Grocery Tracker: March Flatness

Kroger, Costco and Whole Foods all closed out up for the second full week of trading in March—the first real sign of positive growth for the three national U.S. food retail stocks we track since the end of February. International food retail group Ahold Delhaize also closed out the week on an upward trend, though its entry into 2017 hasn’t been as rocky as its stateside counterparts.

Diving in, Kroger (KR) closed out last week on the up, rising 0.78 percent from Thursday’s close to hit $29.55. In after-hours trading, KR gained an additional 0.17 percent to reach $29.60. While these numbers hint at the potential for a refreshing change of pace for KR on the market, there’s still a long way to go to recover completely.

Kroger stock is still down some 14.37 percent from the beginning of the year. And while the median analyst forecast places KR stock up about 18 percent in the coming year, it could be a hard-fought battle—though the grocery giant has some store-transformation tricks up its sleeve, including testing home grocery delivery with Uber, that could help to put it in much better market standing come 2018.

Costco (COST) also closed out last week’s trading in the green, up 0.45 percent to $167.81. The big box giant was riding on all-time highs just before March rolled in and brought things down a notch after quarterly earnings missed expectations. But unlike some of its purely grocery competitors, Costco has managed to see value growth even in the midst of food deflation. COST is up 4.81 percent since Jan. 1 and median analyst forecasts posit nearly 10 percent growth by this time next year.

Whole Foods (WFM) ended last week at $29.53, up 0.20 percent from Thursday’s close. After-hours trading saw prices rise an additional 1.15 percent. While this instance of positive growth is a nice change for WFM, analysts anticipate flat to slightly lower value in the long run. WFM prices are down 4 percent from the start of 2017, and by this time next year they’re expected to sink an additional 1.8 percent.

For Whole Foods, the slowing rate of decline will likely come from cost-cutting and reinvention efforts the company has been working to enact over the last year or so to combat an increasingly discount-happy and digital consumer base.

Ahold Delhaize (AD) continues its bumpy ride through 2017 as Friday numbers closed up for the day, down for the week but up for the year-so-far at €20.39. AD’s outlook is positive as the average analyst forecast for the next 12 months indicates the potential for over 16 percent growth—though given AD’s behavior in the past, the upward trend may be a bit circuitous week-to-week.

What these long-term projections indicate for the incumbent grocery space is that analysts are largely optimistic across the various plays to keep up with the changing retail grocery consumer—upping digital options, in-store tech, loyalty and delivery plays while trimming the fat elsewhere looks to pay off in the near future.

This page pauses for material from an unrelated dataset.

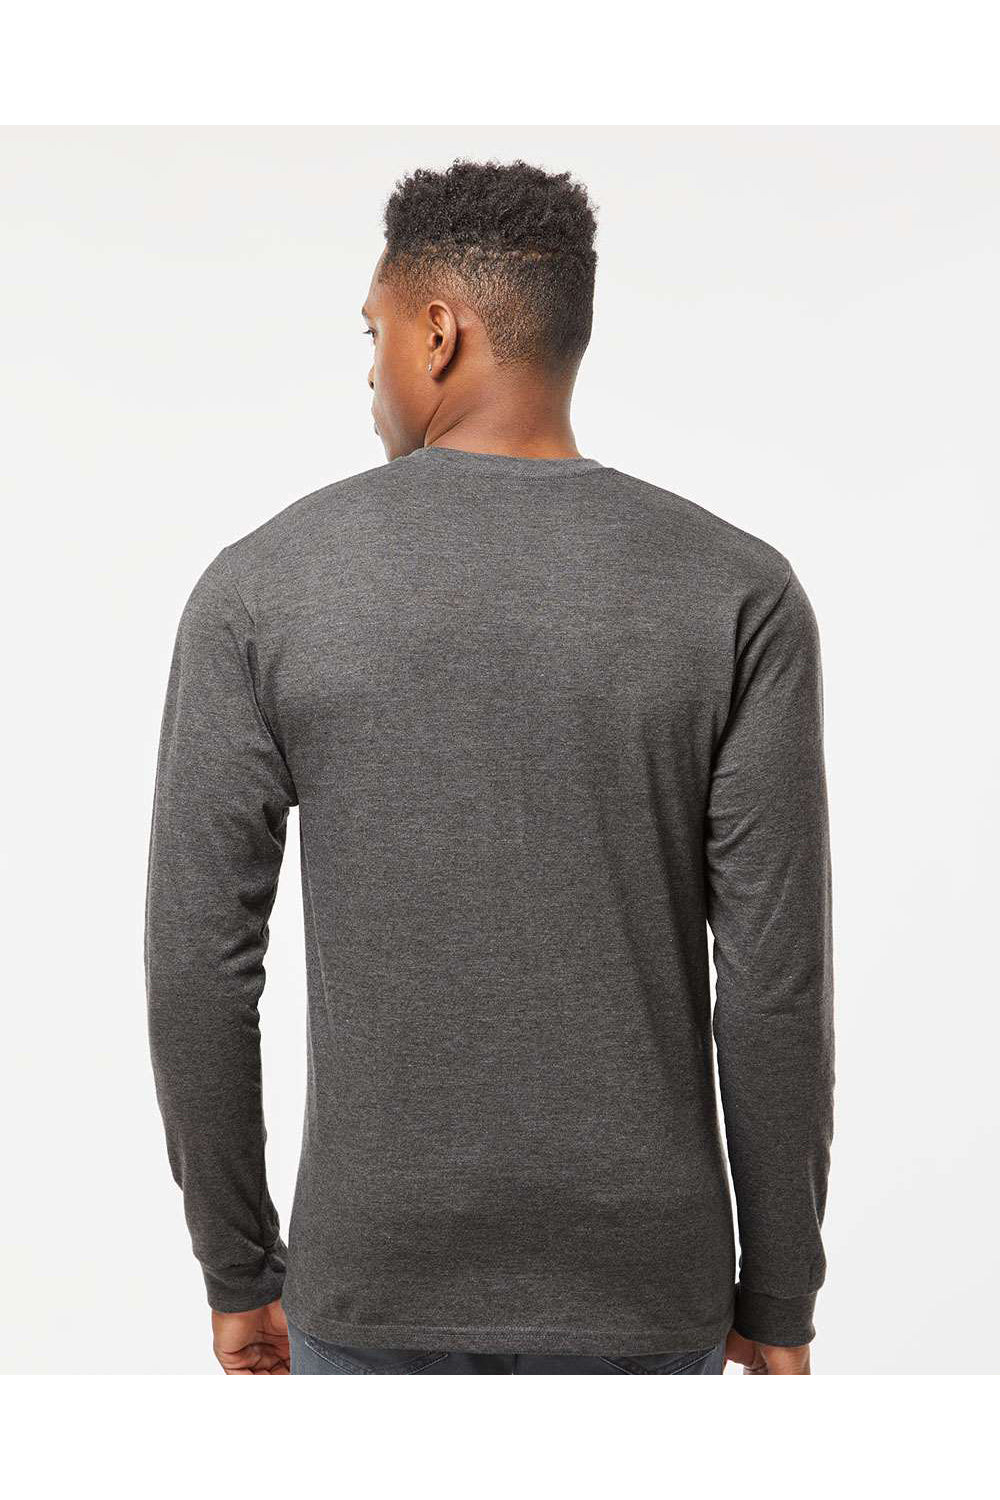 Tultex 291 Mens Jersey Long Sleeve Crewneck T-Shirt Heather Charcoal Grey Model Back

This climate of consumer-centric reinvention extends to a recent move by Southeastern Grocers LLC—parent company of BI-LO, Fresco y Más, Harveys and Winn-Dixie—to upgrade its store loyalty offering by joining American Express’ coalition loyalty program, Plenti.

Starting April 5, customers can earn and use points for savings on groceries across Southeastern Grocers as well as on gas with Exxon and Mobil stations. Additionally, the points earned can be used at Plenti’s thousands of other online and retail partner locations.

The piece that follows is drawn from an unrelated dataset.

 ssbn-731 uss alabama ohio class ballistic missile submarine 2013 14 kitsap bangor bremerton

“At Southeastern Grocers, we are always looking for ways to provide better value to our customers. Our new rewards program with Plenti provides our customers the ability to not only gain savings on gas but on groceries as well,” said Sharry Cramond, CMO, Southeastern Grocers. “The new program will, therefore, offer more ways to earn, more ways to save and even greater flexibility for our customers–thanking and rewarding them for their loyalty.”

The loyalty factor is increasingly key for incumbent supermarkets as challenger Amazon continues its push into the grocery space. Most recently, the online retail giant partners with meal kit delivery service Marley Spoon to start delivering Martha Stewart’s meal kits via Amazon Fresh.

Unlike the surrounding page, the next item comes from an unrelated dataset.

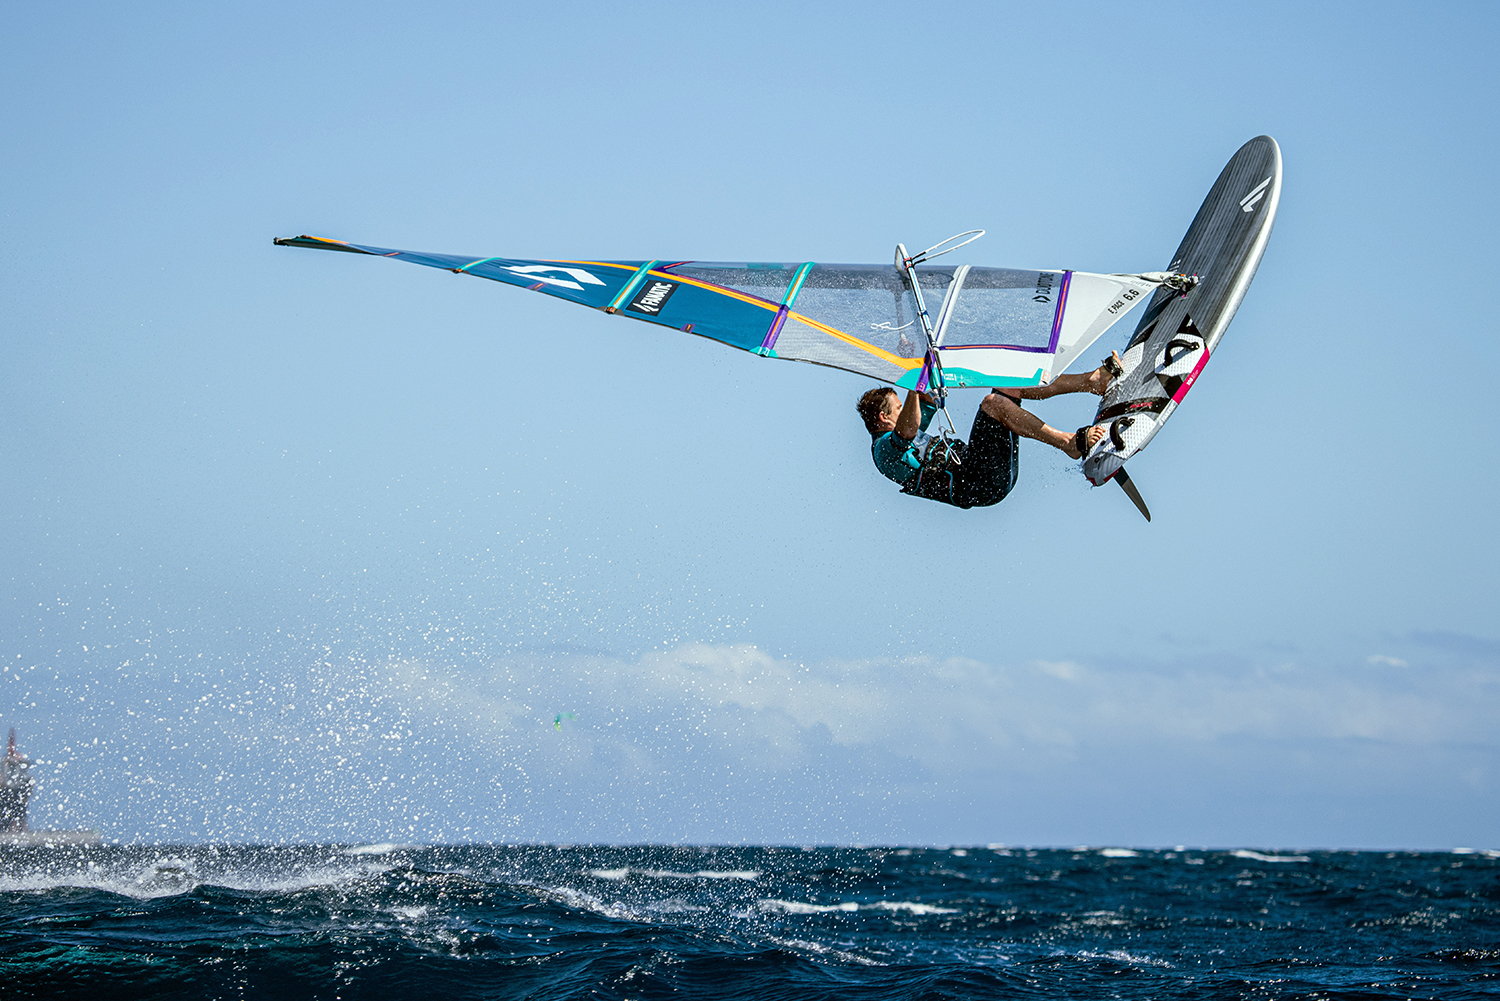 Marco flying high in Tenerife

While the Amazon partnership will most directly affect prepared food startup operations like Plated, Blue Apron and HelloFresh, it could also spell trouble for supermarkets. Meal kits and prepared food options are becoming the new norm at grocery stores, part of a larger “grocerant” and expanded services push to draw foot traffic (and consumer dollars) back into physical grocery stores.

While still relatively small when compared to the food industry at large, the U.S. meal kit delivery market is growing quickly. Data from Packaged Facts projected some $1.5 billion in sales for the meal kit market in 2016, with growth anticipated to hit as much as $5 billion within the next five years, said Forbes.

Naturally, Amazon wants a bite—and since Amazon has the benefit of a large product inventory, reach and delivery infrastructure, the grocery space is on its toes. The online retail giant is already gunning for supremacy in online and physical grocery sales. If Amazon continues to grow its meal kit delivery options, the retail giant could take another chunk out of supermarkets’ tenuous hold on their revenue streams.